You are viewing a plain text version of this content. The canonical link for it is here.
Posted to dev@mesos.apache.org by Du Li <du...@ericsson.com> on 2013/10/29 23:55:18 UTC
problem launching mesos master from HEAD
Hi,
I just built the latest code from mesos HEAD. When doing "bin/mesos-master", the master process core dumped with error messages as below. Framework authentication seems a newly added feature. Do I need to do any extra configuration to mesos and the framework (e.g. Spark)?
Thanks,
Du
I1029 15:32:44.601929 18088 main.cpp:123] Build: 2013-10-29 15:02:13 by bigdatauser
I1029 15:32:44.603224 18088 main.cpp:124] Starting Mesos master
I1029 15:32:44.604331 18088 master.cpp:293] Master started on 10.126.71.151:5050
I1029 15:32:44.604408 18088 master.cpp:308] Master ID: 201310291532-2538044938-5050-18088
I1029 15:32:44.604465 18088 master.cpp:318] Master allowing unauthenticated frameworks to register!!

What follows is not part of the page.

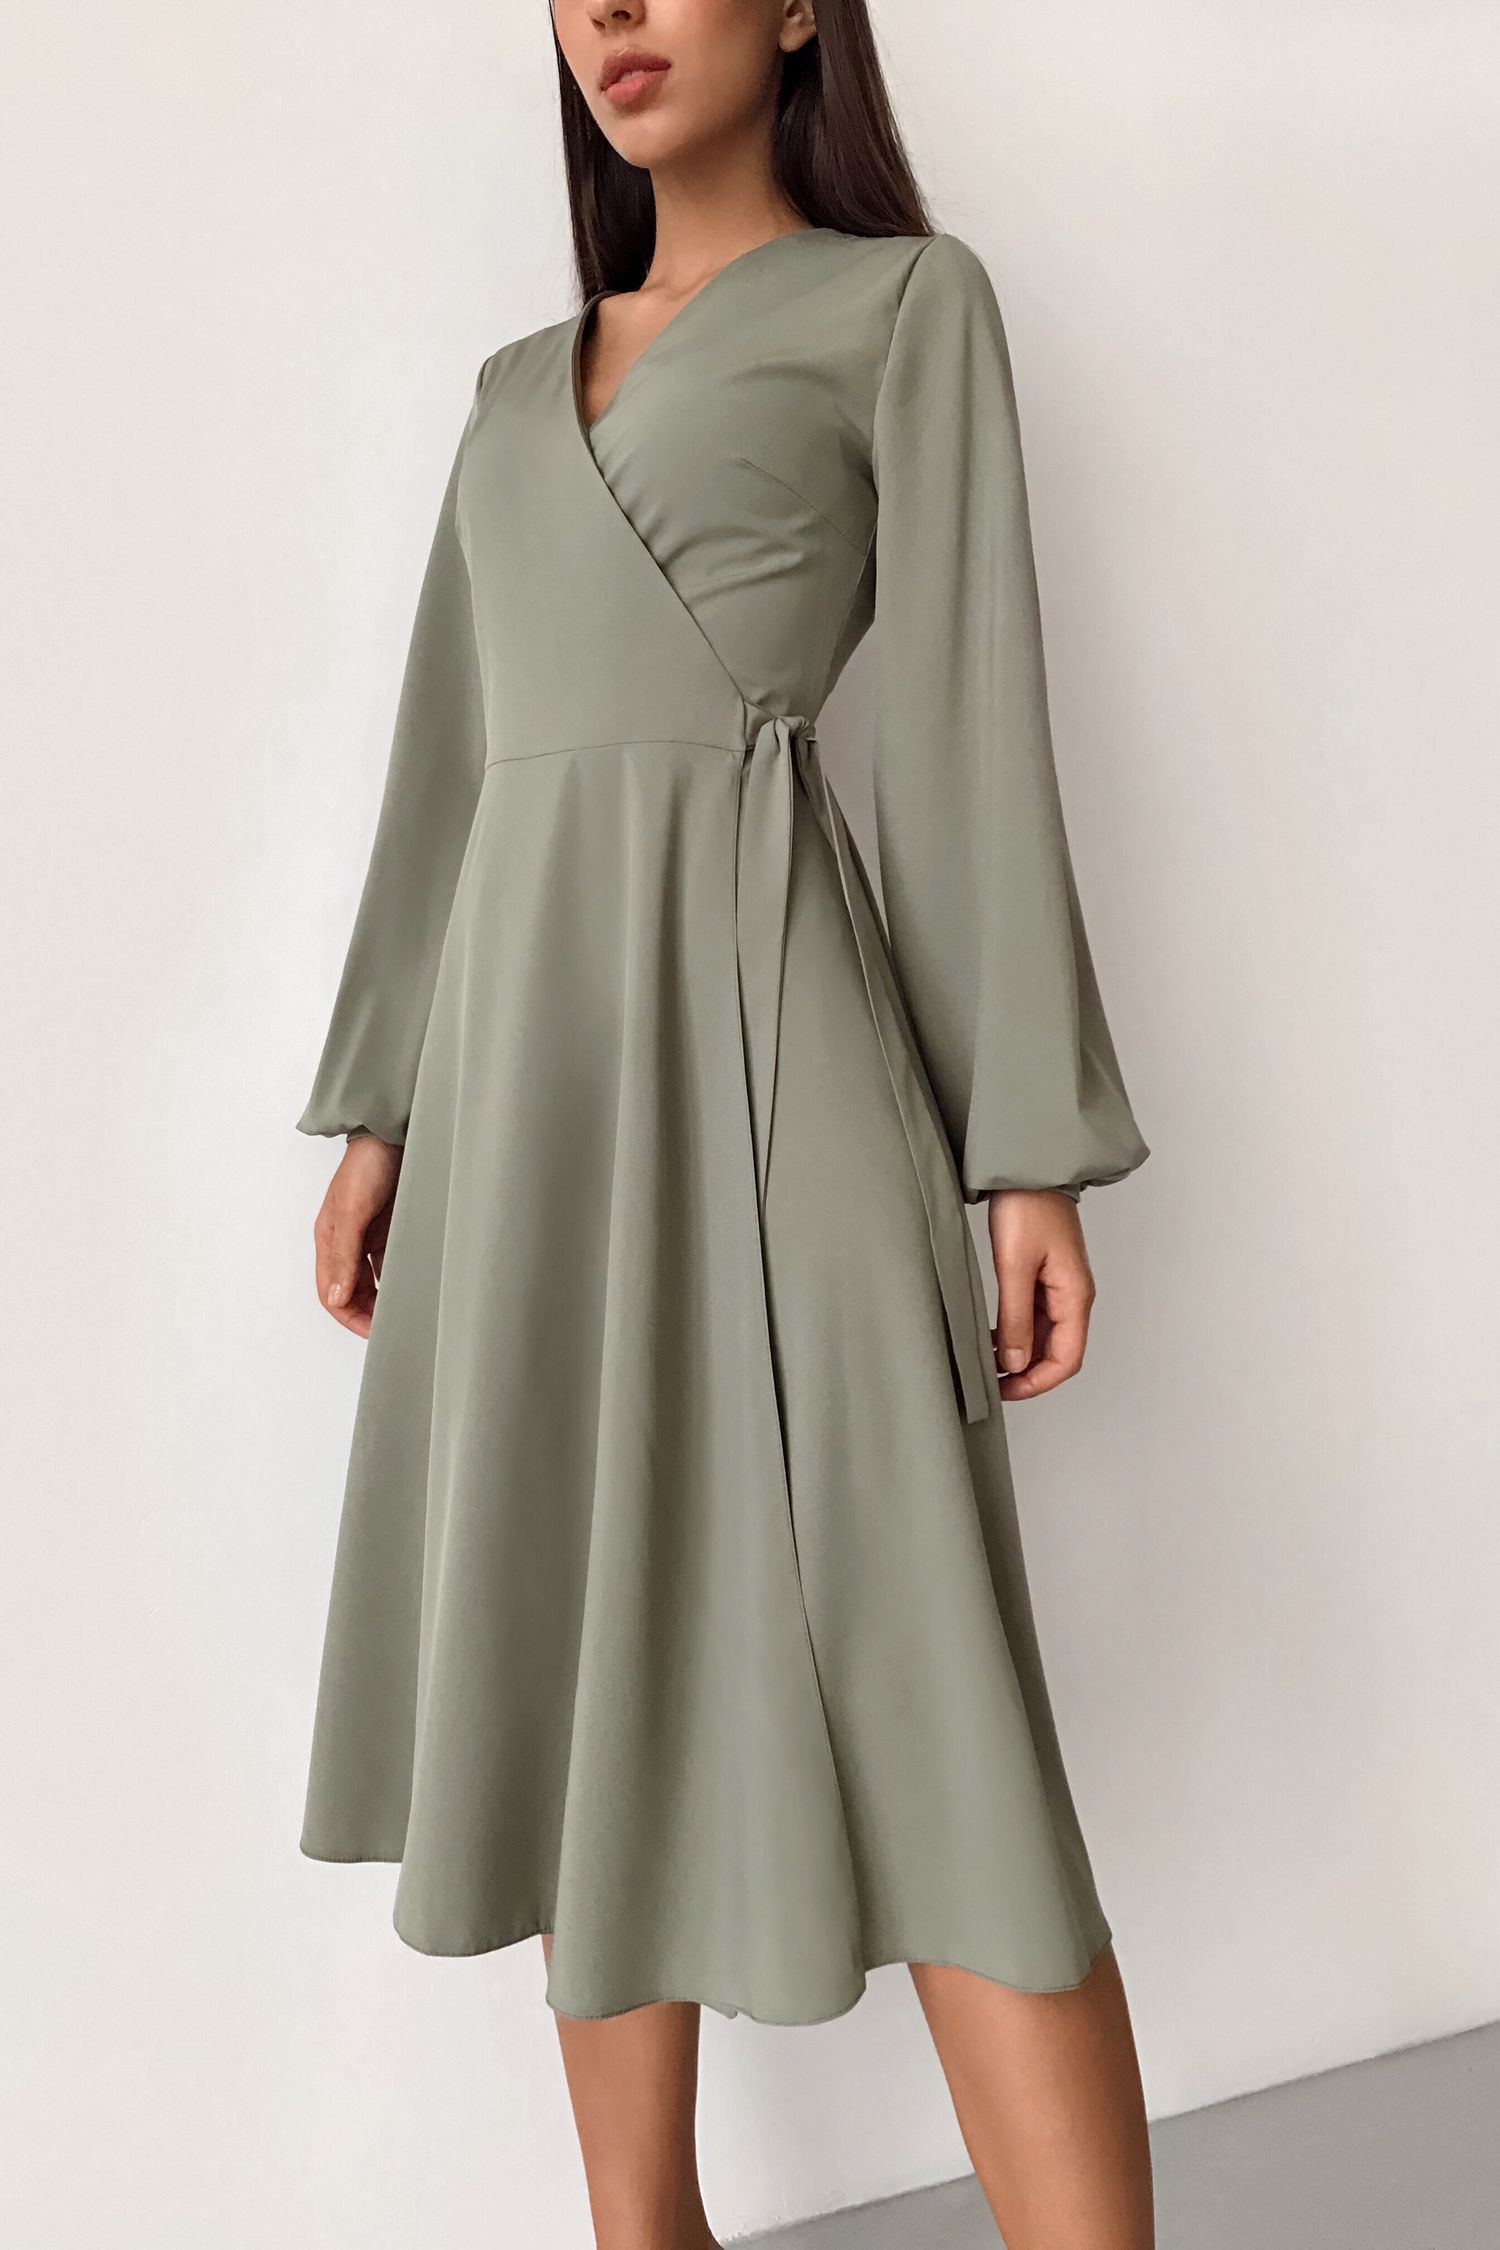 Платье миди на запах хаки - THE LACE

*** Aborted at 1383085964 (unix time) try "date -d @1383085964" if you are using GNU date ***
I1029 15:32:44.604970 18088 master.cpp:706] Elected as master!
PC: @ 0x7f3b715e7514 mesos::internal::state::LevelDBStorageProcess::initialize()
*** SIGSEGV (@0x0) received by PID 18088 (TID 0x7f3b66c1c700) from PID 0; stack trace: ***
@ 0x7f3b703bbcb0 (unknown)
@ 0x7f3b715e7514 mesos::internal::state::LevelDBStorageProcess::initialize()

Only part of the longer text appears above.